Checking out #674, related to _Unsigned = "true" from #656 and #671, I suppose the following is a question of semantics.

Should Variable.dtype return the data type on disk, or the datatype that the user will receive from __getitem__? Right now this test fails. I think it should pass, reasoning that:

  • The real datatype on disk should be completely abstracted, similar to endianness.
  • User can expect type of data returned to be consistent with result of file.variables["var"].dtype

If this test should indeed pass, I would be happy to initiate a PR with this test and a solution. The solution that came to mind would be to change references to self.dtype inside the Variable class to self._dtype and then expose dtype as a property, thoughts?

import unittest
import netCDF4
import tempfile
import numpy as np
import os


class TestUnsignedMasking(unittest.TestCase):
    def setUp(self):
        _, self.filename = tempfile.mkstemp()
        with netCDF4.Dataset(self.filename, "w") as nc_file:
            nc_file.createDimension("time", None)

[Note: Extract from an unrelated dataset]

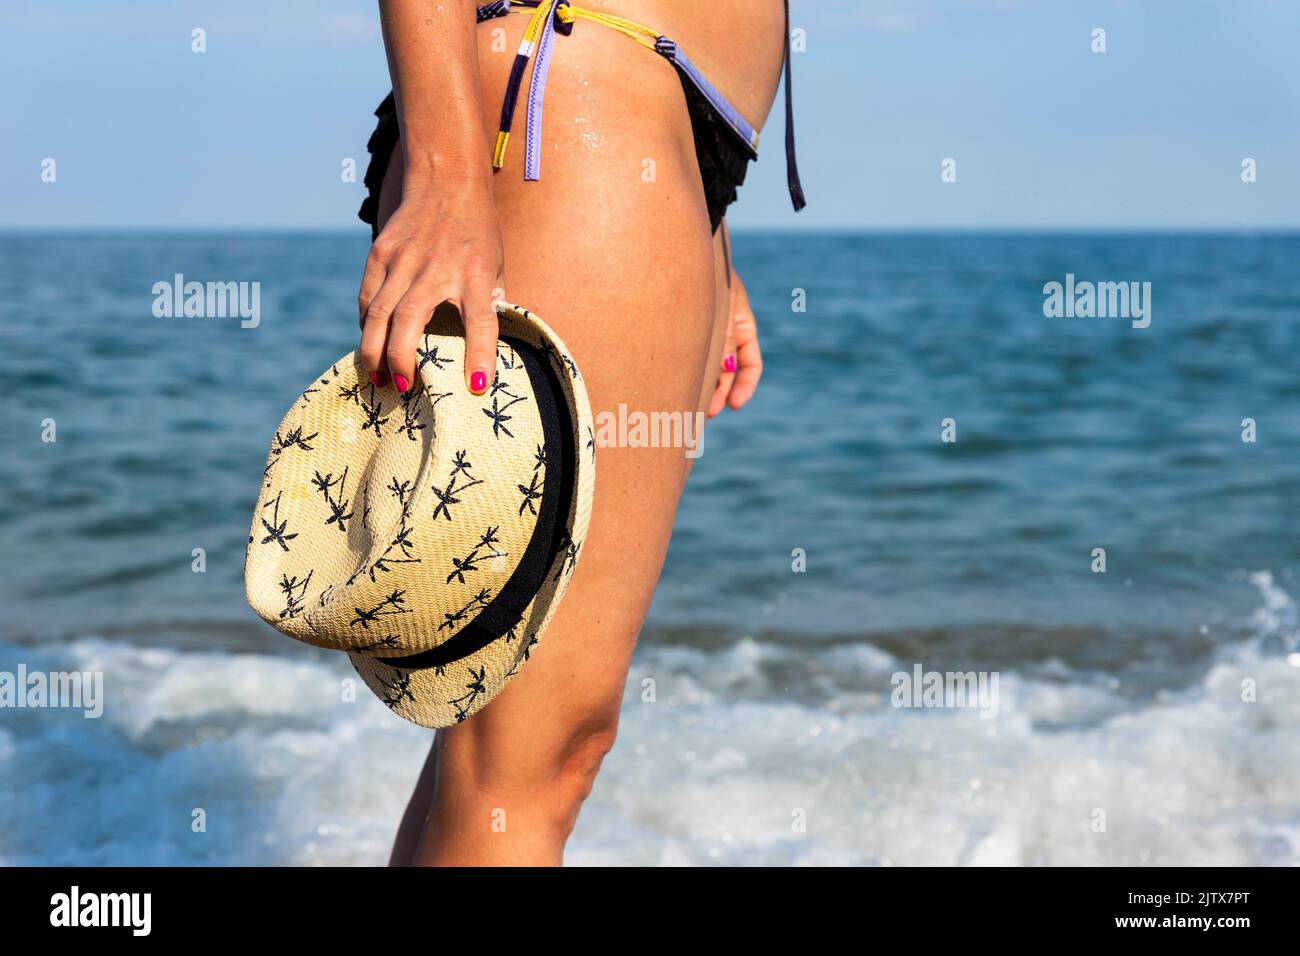 Woman in bikini holding straw sun hat at sunny beach at sea. Travel and fashion concept. Stock Photo

            nc_x = nc_file.createVariable("x", np.int8, dimensions=("time"), fill_value=np.int8(-1))
            nc_x._Unsigned = "true"

            x = np.arange(10, dtype=np.int8)
            nc_file.variables["x"][:] = np.ma.masked_where(x > 5, x)

    def tearDown(self):
        os.remove(self.filename)

    def test_unsigned(self):
        with netCDF4.Dataset(self.filename, "r") as nc_file:
            self.assertTrue(nc_file.variables["x"].dtype == nc_file.variables["x"][:].dtype)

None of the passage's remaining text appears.